▸ PROBLEM REQUIREMENTS:
Please reproduce all of the listing below exactly and drop its images.

▸ DATA:
********

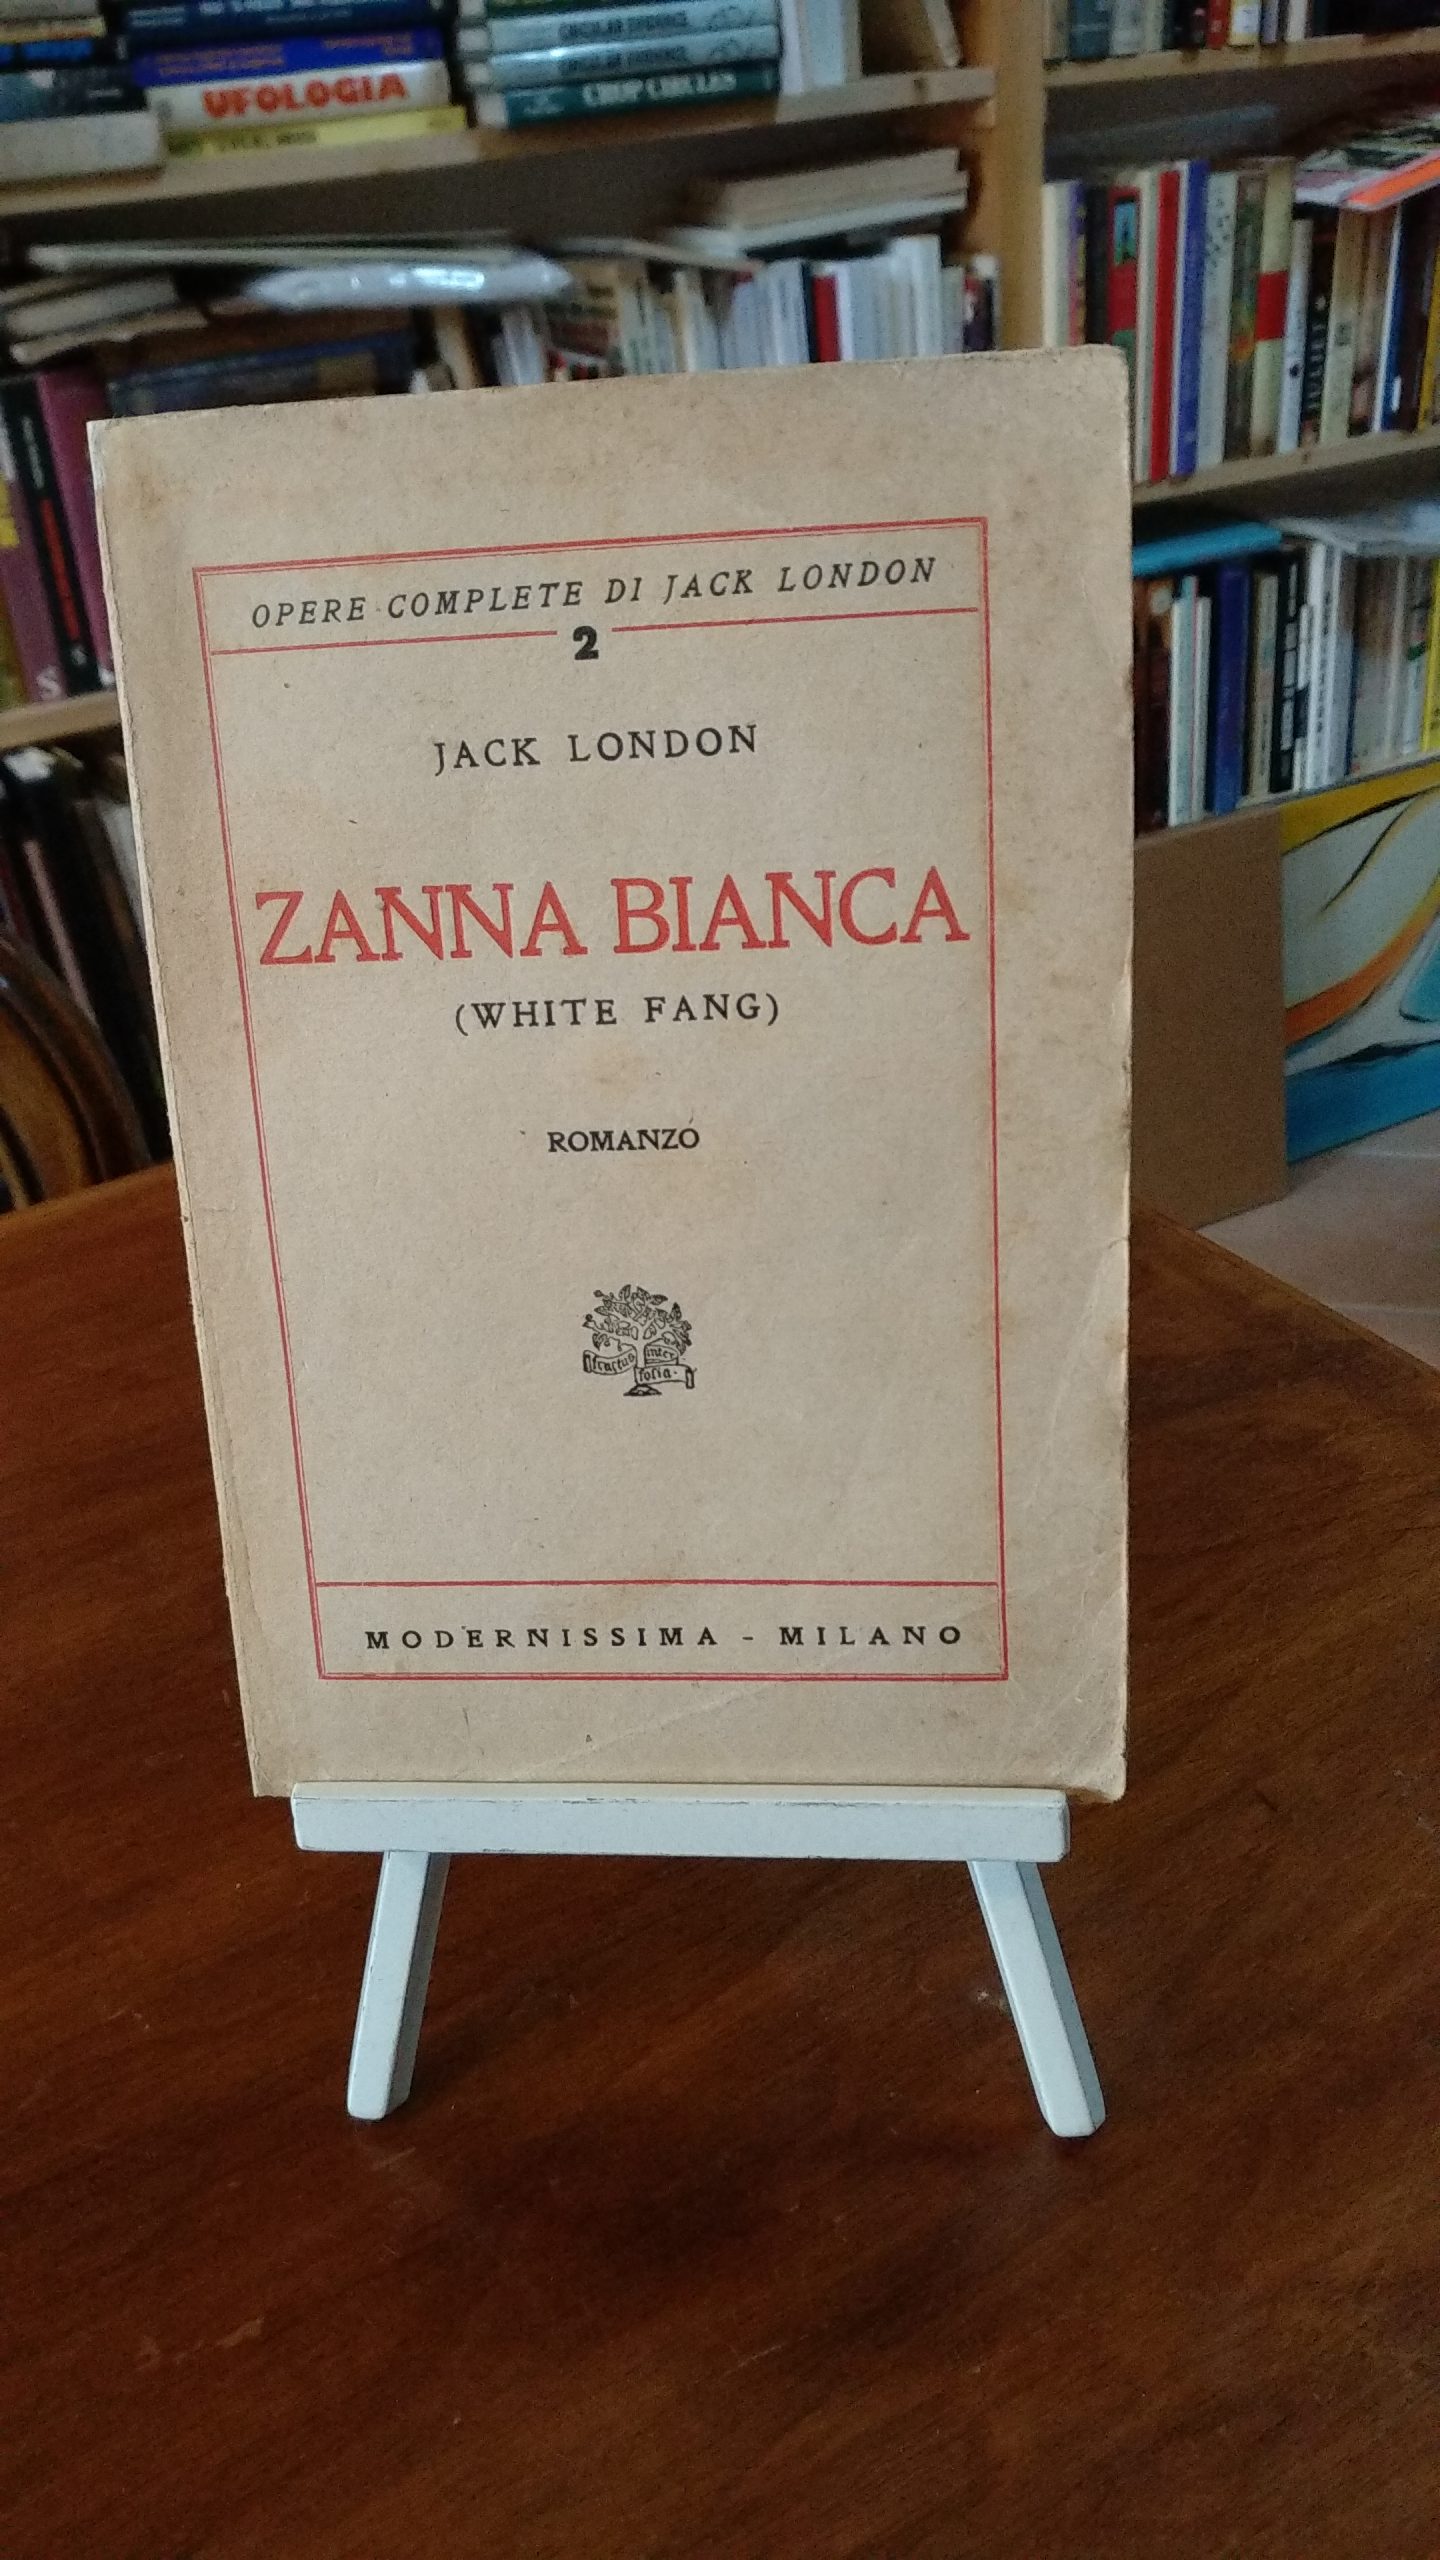 Zanna bianca (White Fang): romanzo, di Jack London (Milano, Modernissima, 1925). Prima edizione italiana 60€
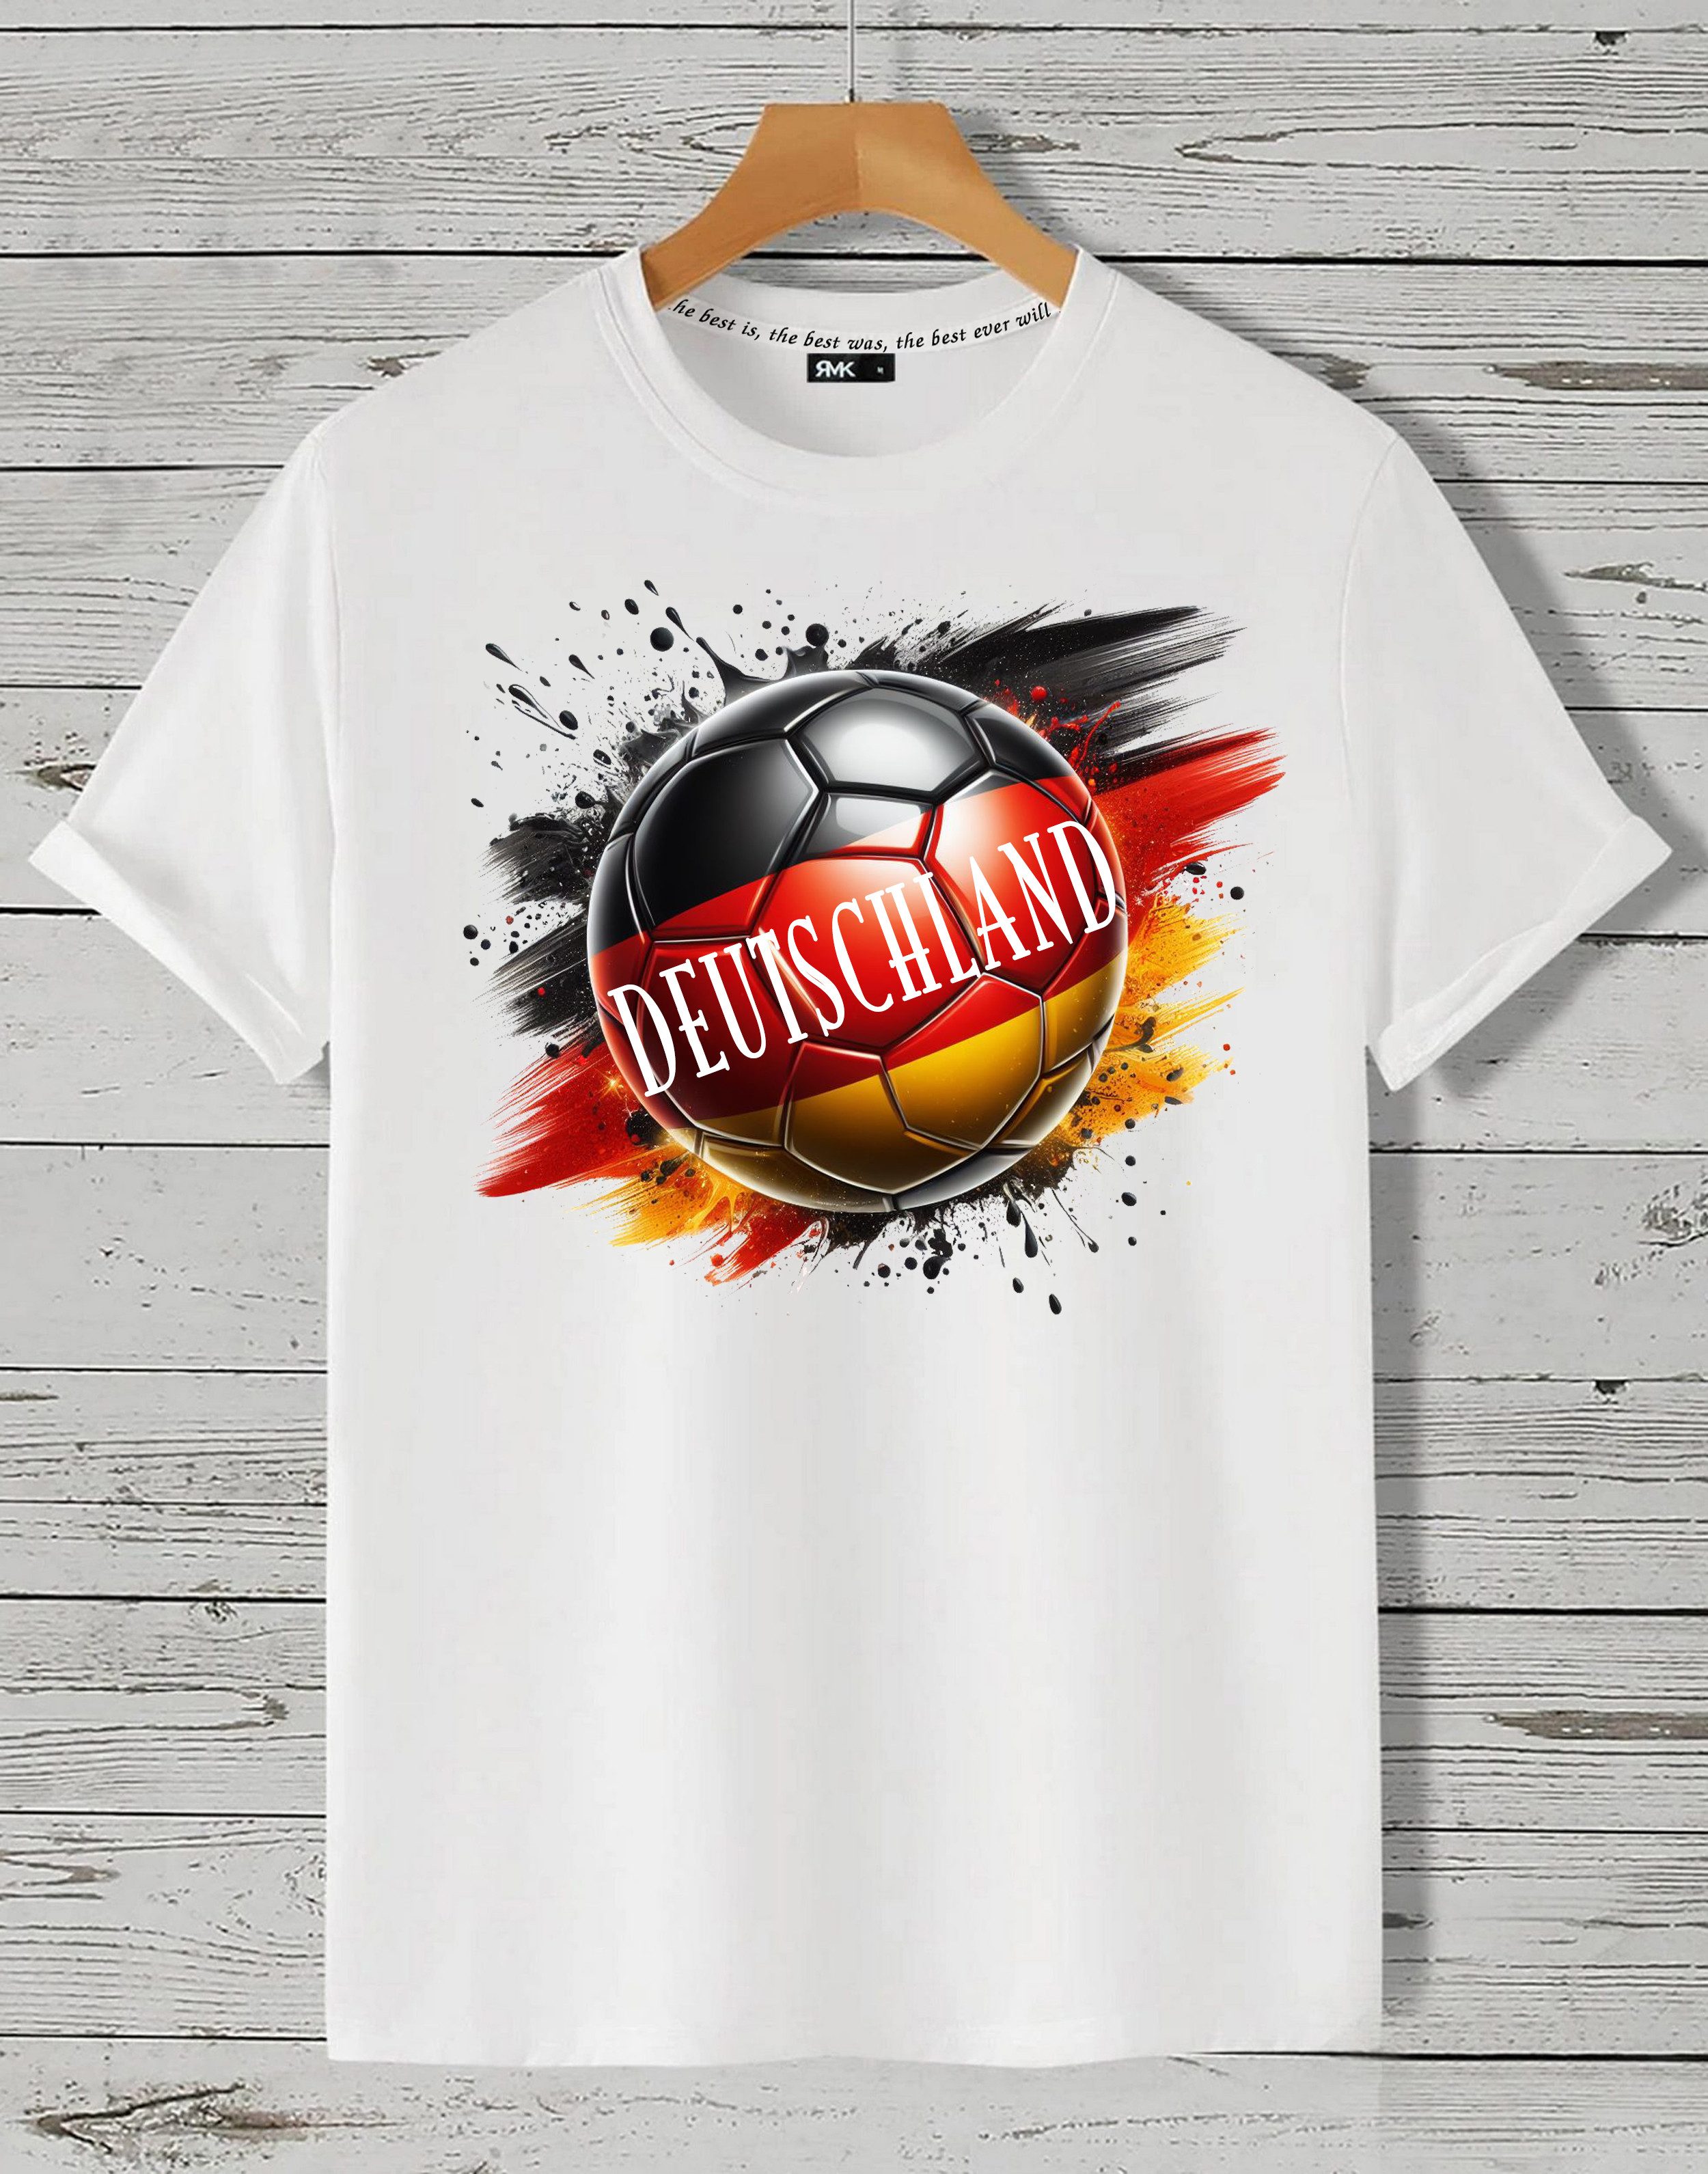 RMK T-Shirt Herren Shirt Trikot Fan Fußball Deutschland Germany EM WM aus Baumwolle
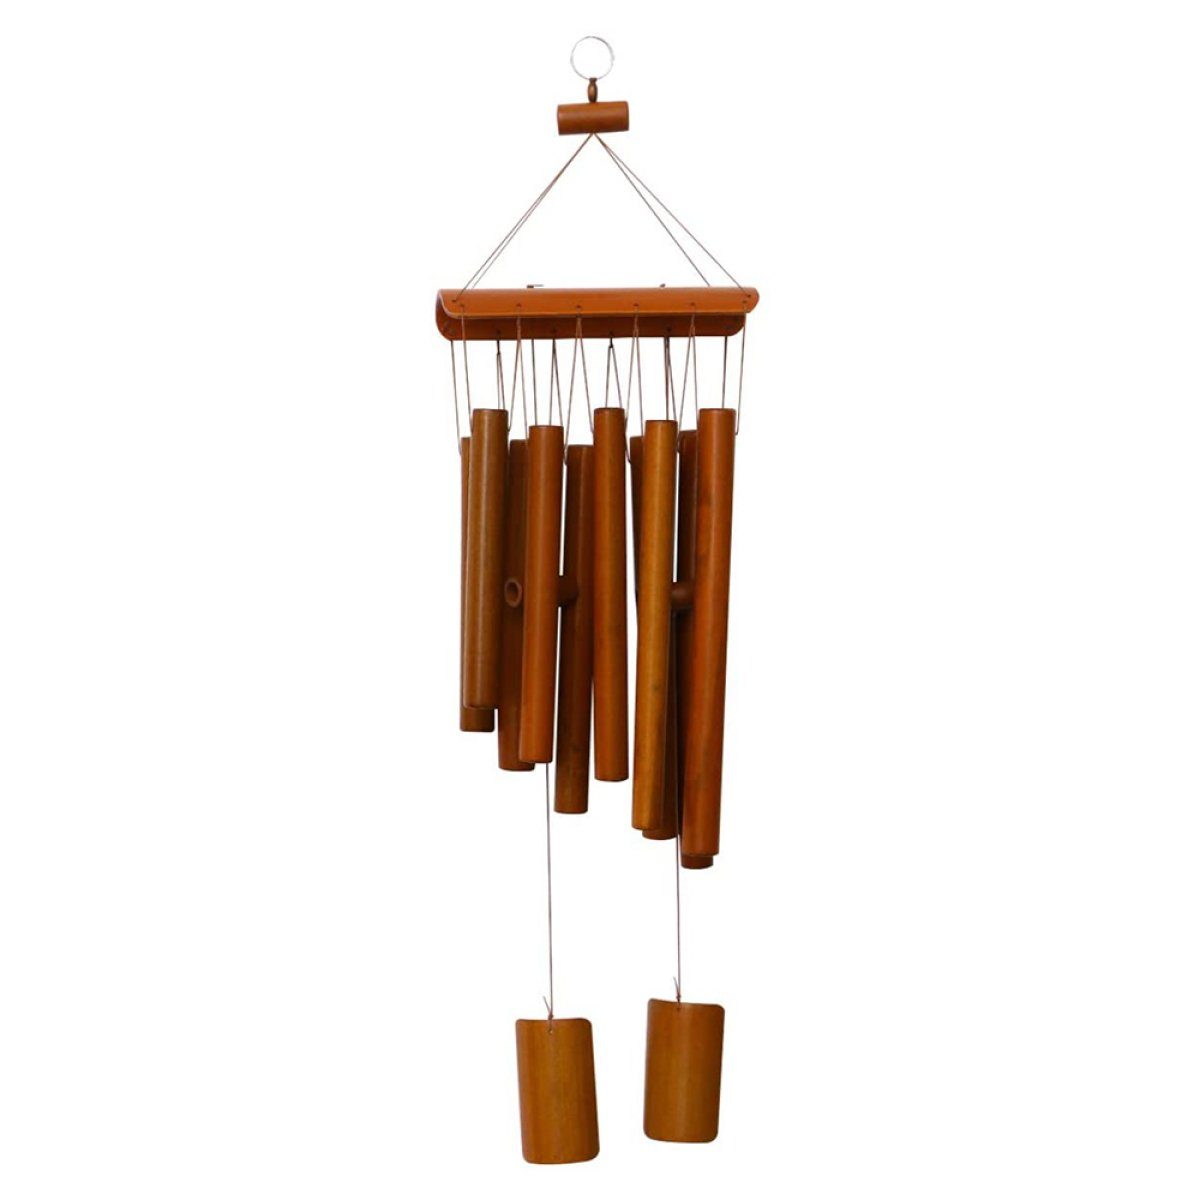 Rwoythk Windspiel Bambus-Windspiel aus Holz, zweireihig, groß, für drinnen und draußen

********

▸ YOUR RESPONSE:
 Zanna bianca (White Fang): romanzo, di Jack London (Milano, Modernissima, 1925). Prima edizione italiana 60€
 RMK T-Shirt Herren Shirt Trikot Fan Fußball Deutschland Germany EM WM aus Baumwolle
 Rwoythk Windspiel Bambus-Windspiel aus Holz, zweireihig, groß, für drinnen und draußen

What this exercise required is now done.